I have been to the Other Goa—a small step, and a lifetime, away from the 'Go Goa' fantasy of sun-kissed beaches, green vistas, casinos, flea markets, raves and trances. This Other Goa has been raped and ravaged—by mining and thoughtless, relentless construction to feed the tourism and real estate business...and it bleeds.
I am reminded of it as I pore through Eat Dust: Mining and Greed in Goa, by Hartman de Souza, writer, teacher, actor and artist. It’s a history of and status report on mining, largely covering 2006-11, which de Souza calls the ‘Age of Greed’, and the impact it has had on this tiny coastal state. But that’s too dry a definition of a book that is written in blood, much like an anguished letter of unrequited love. It talks of a beloved, beautiful land, ravaged and lost to rampant, ill-planned and illegal extraction of iron ore, and it ends almost in hope, eloquently evoked by describing the gurgling and gushing of a stream through forests that were slowly reviving after the Supreme Court ordered a halt to mining in 2012. But the ban was lifted in September last year, ironically making this a timely book.
In 2008-09, Goa produced 38 million tonnes of iron ore, mostly of which was exported to China and Japan. This was extracted by open-cast mining, whereby mountains are blasted and the earth is ripped up. For the environment, no method could be worse. Some 30 million tonnes of mining detritus flowed annually into Goa’s rivers: the Mandovi, Goa’s lifeline, is estimated to have carried 2 lakh tonnes of sediment every year. Illegalities abounded—in extraction, export, transport, waste disposal—and the Goa Foundation, an activist group, had contested them in court. The Supreme Court ban came in response to the Shah commission report (2011), which noted that illegal mining had caused a Rs 35,000 crore to the exchequer in the last 12 years.

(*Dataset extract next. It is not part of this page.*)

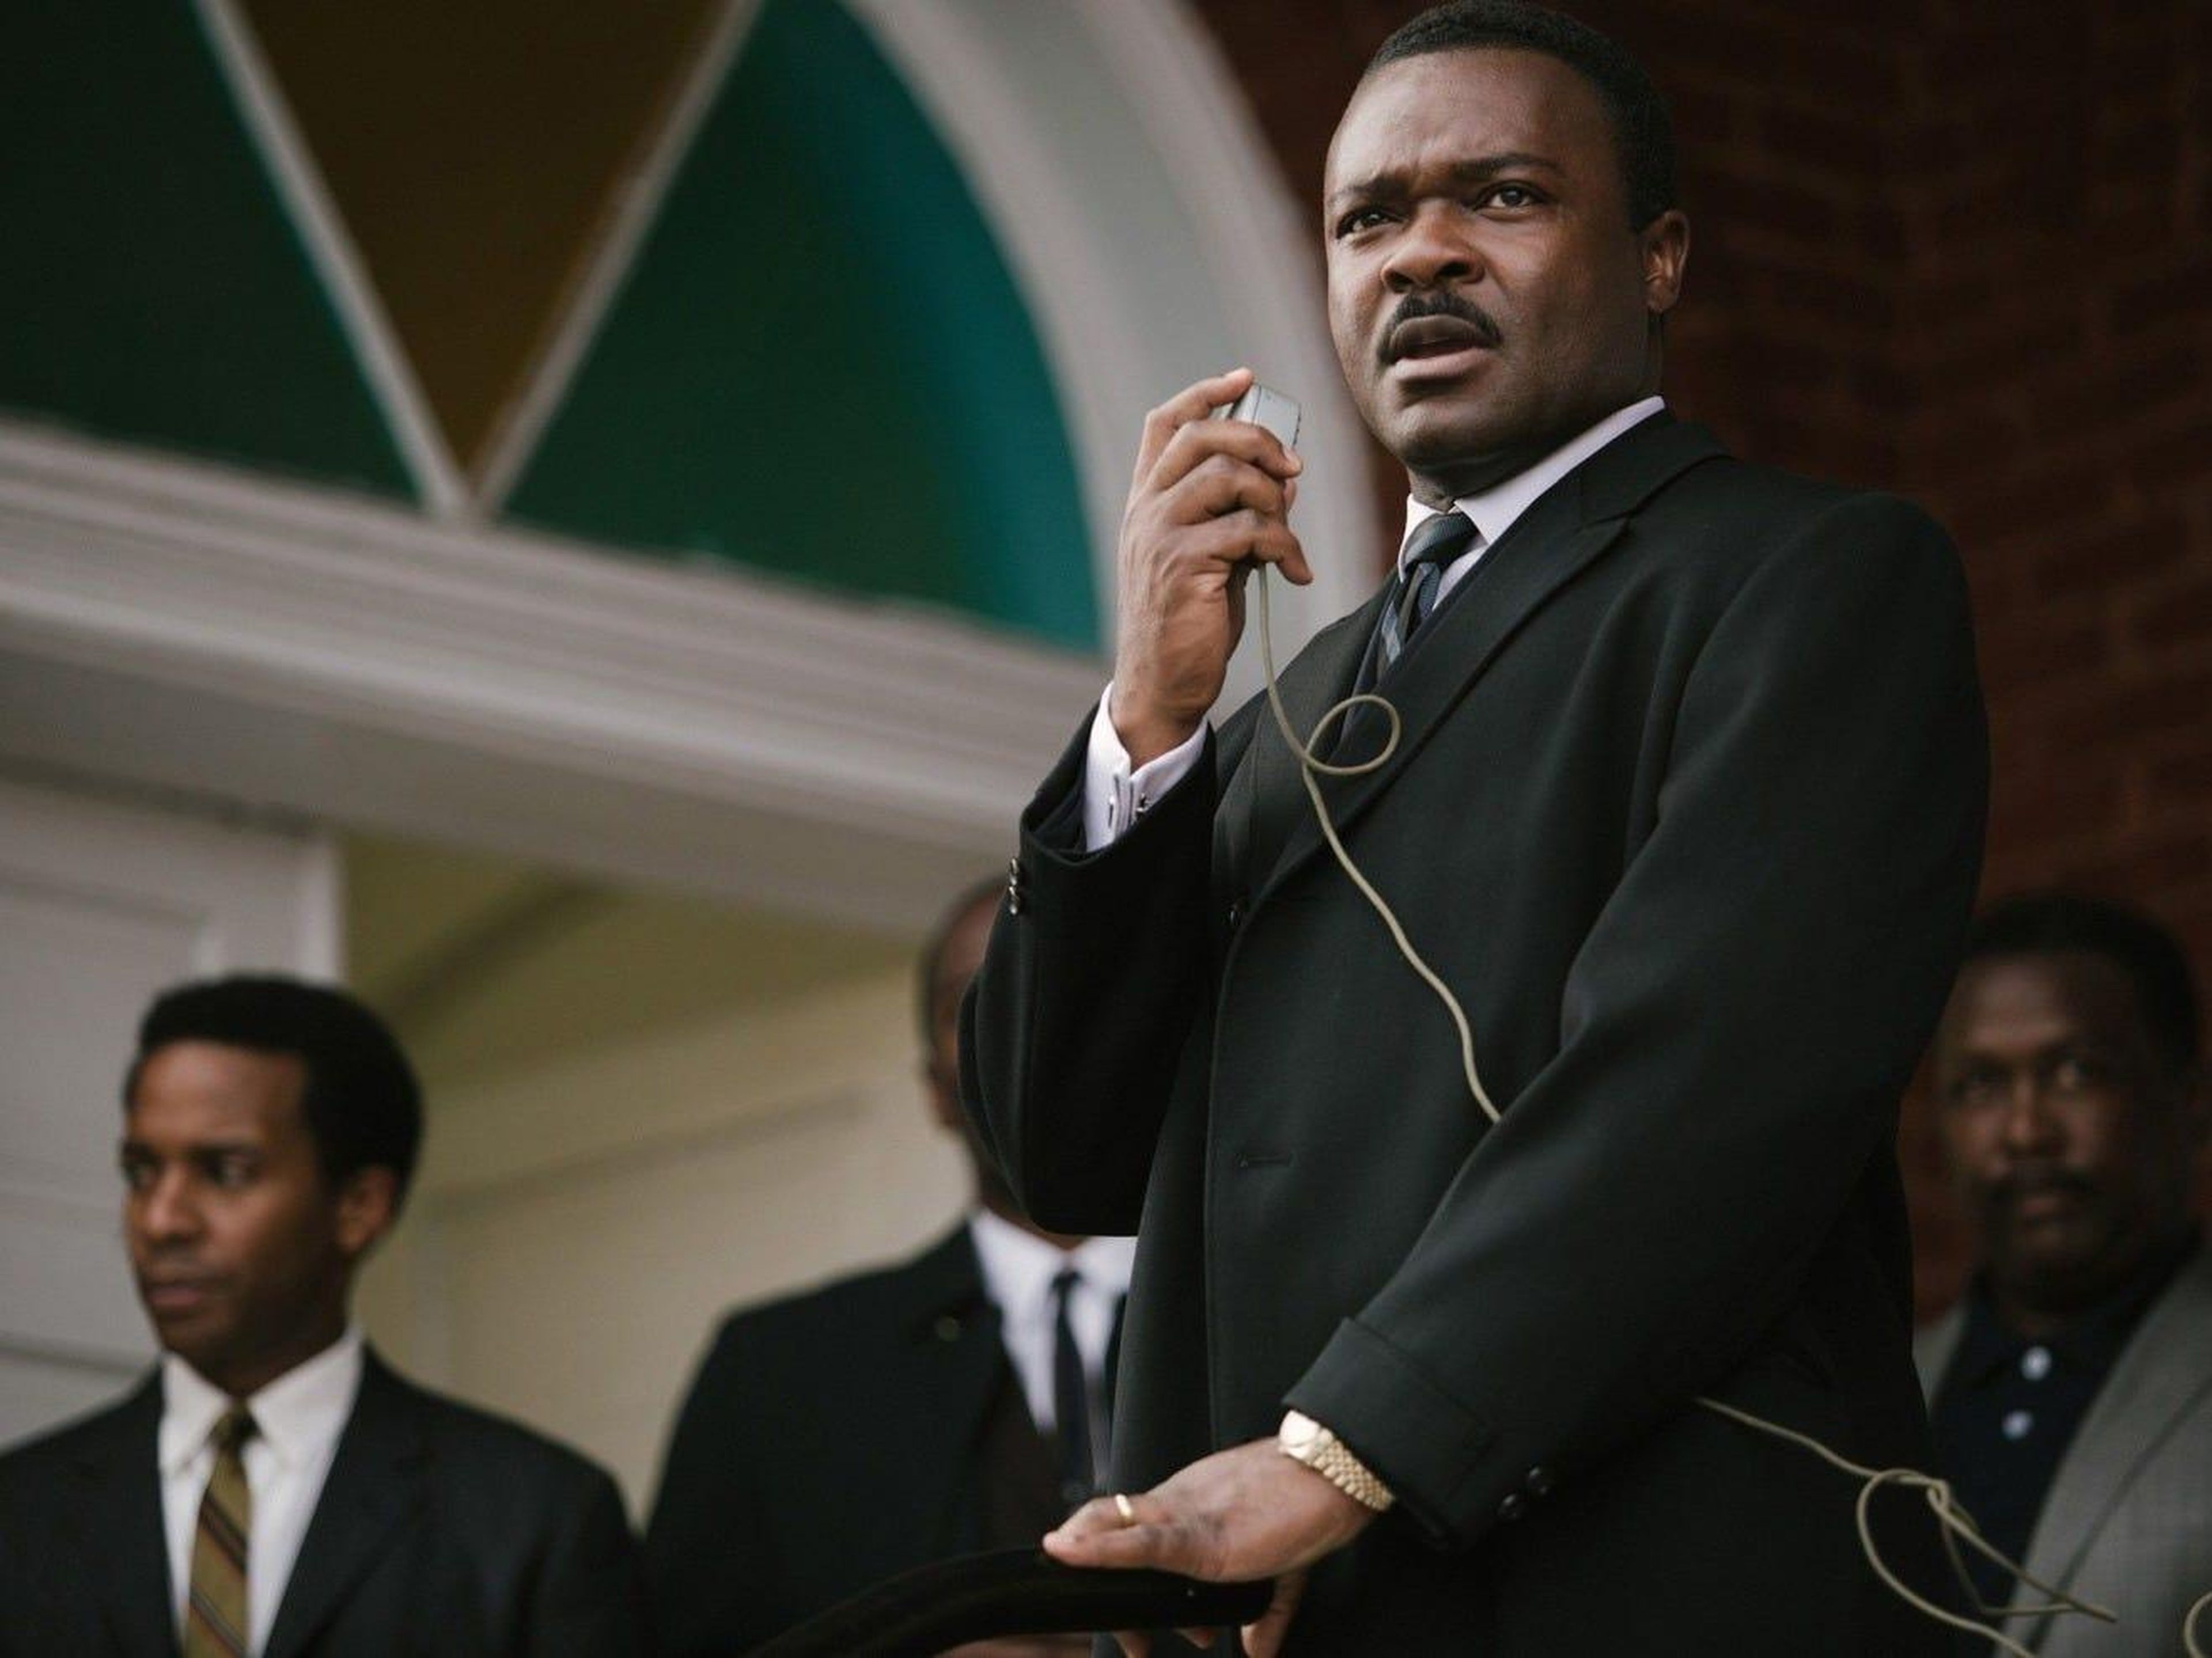 David Oyelowo interpreta a Martin Luther King, Jr. en "Selma".

In 2010, visiting Goa for a story when mining was at its peak and the battle for the environment at fever pitch, I visited Bicholim, Rivona, Maina, Quepem, Netravali, the Khushavati river—all mining hotspots where forests were razed and even designated sanctuaries pillaged by mining companies. Mining was ruining Goa’s forests, rivers, soil and indeed the very fabric of life, forcing people to leave their villages, their fields rendered infecund.
De Souza’s chronicle is personal. His journey starts on a hill near his sister’s home in Maina, a small village at the foothills of the Western Ghats. So thick was the forest, the hill was an impossible climb. When he finally managed the trek in the 1990s, he says, he ended up almost stepping on a snake. There were frogs, crabs, spiders, deer, porcupines, gaur, leopard and the occasional tiger. Then the hill just vanished—hacked, raked down and reduced to orange dust. The disappearance left him fuzzy-headed, and he writes, he wondered how to come to terms with the deliberate peacetime destruction of the agricultural practices and everyday life of a people. So begins a travelogue, on the trail of a missing hill, taking him across Goa’s “burnished orange deserts” where once stood verdant forests, fecund fields. His hard investigative journalism, backed by hard data, spares none—mining giants, politicians, the bureaucracy and a corrupted media, exposing the nexus between them.
The book is also a family memoir. Perhaps the most poignant and inspiring part of the book is about de Souza’s feisty sister Cheryl, who took on the powers that were after her ore-rich farm, finally chaining herself and her equally spunky 83-year-old mother to a mine entrance and courting arrest.
Some might call the book an emotional account. It surely is, and how can it not be? And that’s what makes it a riveting read. Besides telling of the rape of Goa, it raises larger questions about our much-vaunted ‘development’ model, through which today’s greed will end up starving future generations.
(Bindra edits TigerLink and is a former member of the National Board of Wildlife.)
The Word
De Souza has a varied background, having worked in education, theatre and journalism. Till recently, he was artistic director of the Space Theatre Ensemble, Goa.